Byron's Babbles

Leading Like Yahtzee

Last week in our first gathering of our newest cohort of Florida 3D Leadership Program participants, we were discussing leadership being like chess or checkers. The participants even played chess and checkers while having the discussion. We had some great discussion related to this considering things like you must know your opponent, players have limited movements, checkers is at a smaller level, checkers and chess have different missions, playing chess is more like be a principal, playing checkers is more like being a teacher leader, and strategic movement/placement. Then, one group discussed that they thought leadership was more like playing Yahtzee. The game of Yahtzee then came up again in another discussion. I finally had to come clean with the group and admit I had never played Yahtzee or even knew how the game was played. Of course after the gathering was over I had to look up the game of Yahtzee and found that the group was right, there are leadership characteristics contained in the game of Yahtzee.

Actually, on the surface Yahtzee appears to be a simple game. Each player gets thirteen turns to complete their score card. The top section of the score card consists of numbers 1 thru 6. You need to roll three ones, three twos, three threes, etc. to get your “minimums.” You could also roll four fives (or four of anything), which comes in handy if you were only able to roll two threes on a previous turn. The idea on the top section is to score at least 63 total points, so you can get the 35-point bonus. If you get a “Yahtzee!” you score 50 points. That’s when you get all five dice to be the same during your turn. Some players focus solely on getting Yahtzee at the expense of everything else. Some people really work hard count on getting the Yahtzee. From my studying, however, a balanced scorecard is more beneficial to winning the game. Balance is important in leadership as well. In education for example there must be balanced effectiveness in governance, financial health, student performance and achievement, or teacher effectiveness. Concentrating on any one of these and forgetting the rest would be disastrous to the school.

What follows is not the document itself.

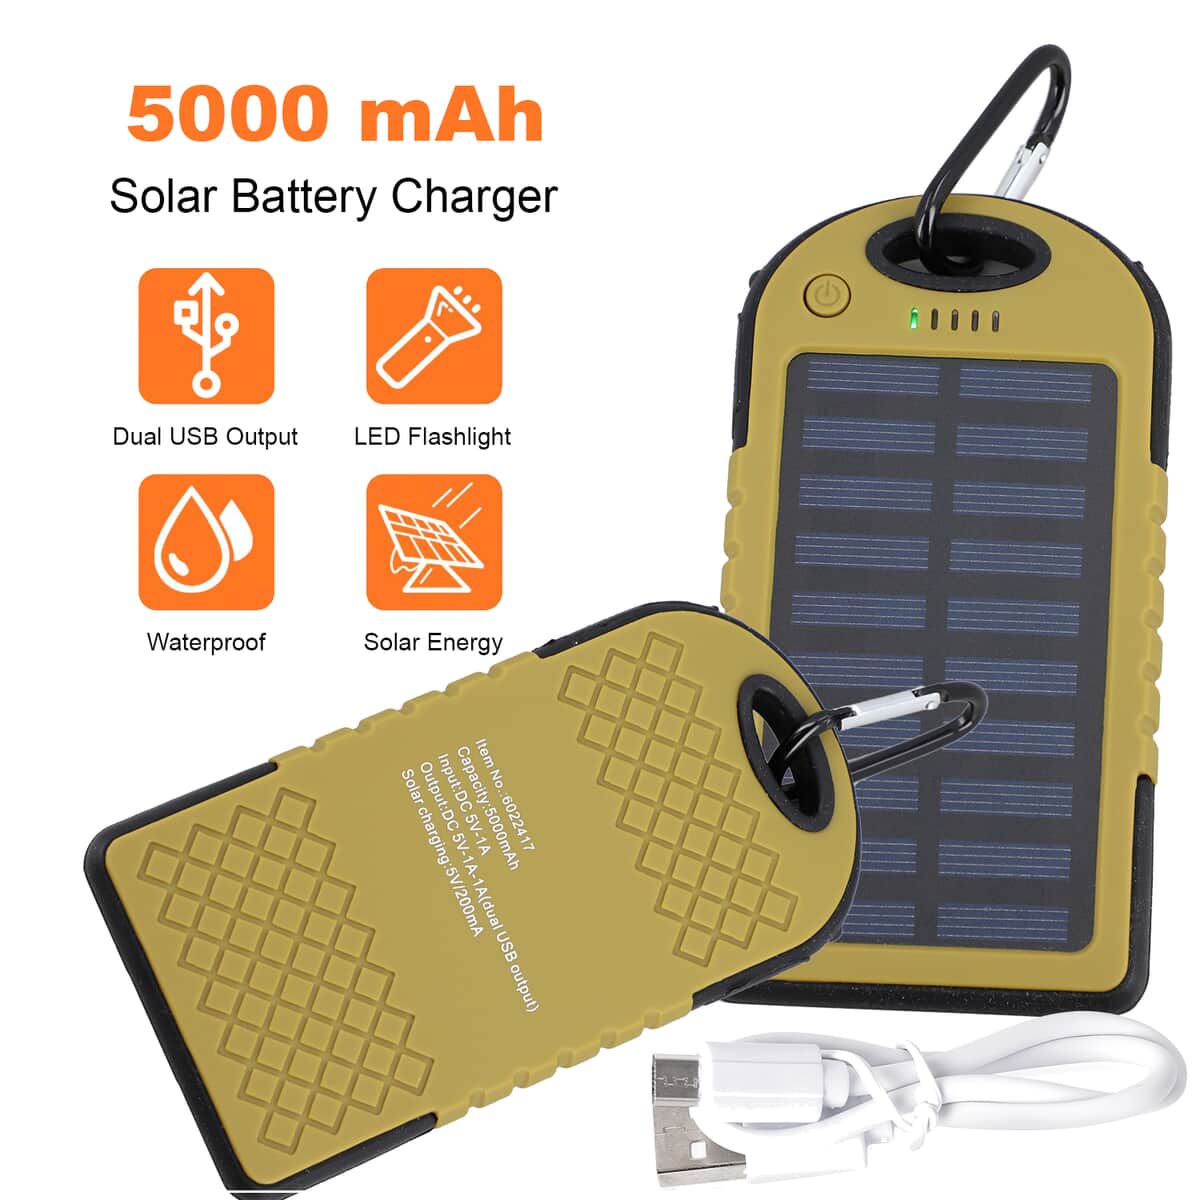 HOMESMART Golden Carabiner Solar 5000 mAh Battery Charger with USB & Emergency LED Torch image number 1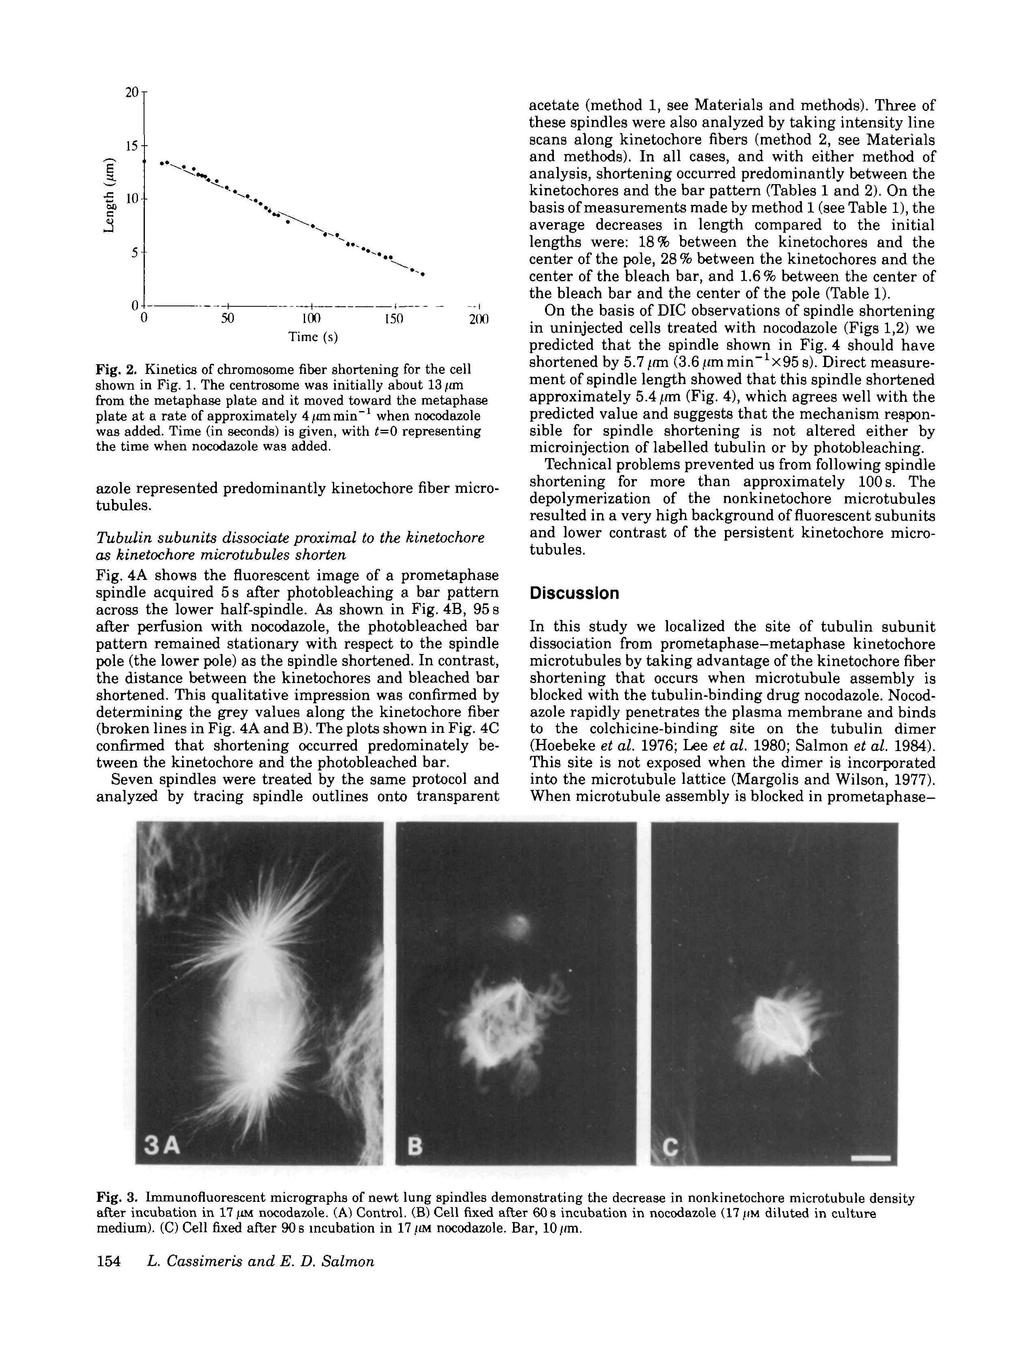 2 T 15-1 + 4 5 1 Time (s) 15 2 Fig. 2. Kinetics of chromosome fiber shortening for the cell shown in Fig. 1. The centrosome was initially about 13/an from the metaphase plate and it moved toward the metaphase plate at a rate of approximately 4/anmin" 1 when nocodazole was added.

Yahtzee seems like a game of chance. It’s much more. It’s a game of decisions and imperfect trade-offs. Wow, doesn’t that sound a little like leadership. So, there is actually some genius in comparing leadership to the game of Yahtzee. We must at some point fully form our approach to decision making. Success, failure, decisions, and sacrifices are in play with every turn while playing Yahtzee. Excellent practice for leading in real time. The game of Yahtzee is completely random. But, as leaders we know that sometimes completely random things happen. Therefore, something completely random and driven by chance can be, as we can learn from playing Yahtzee, be managed within a solid set of priorities and strategies. Do you have other ways you would compare playing Yahtzee to leading effectively?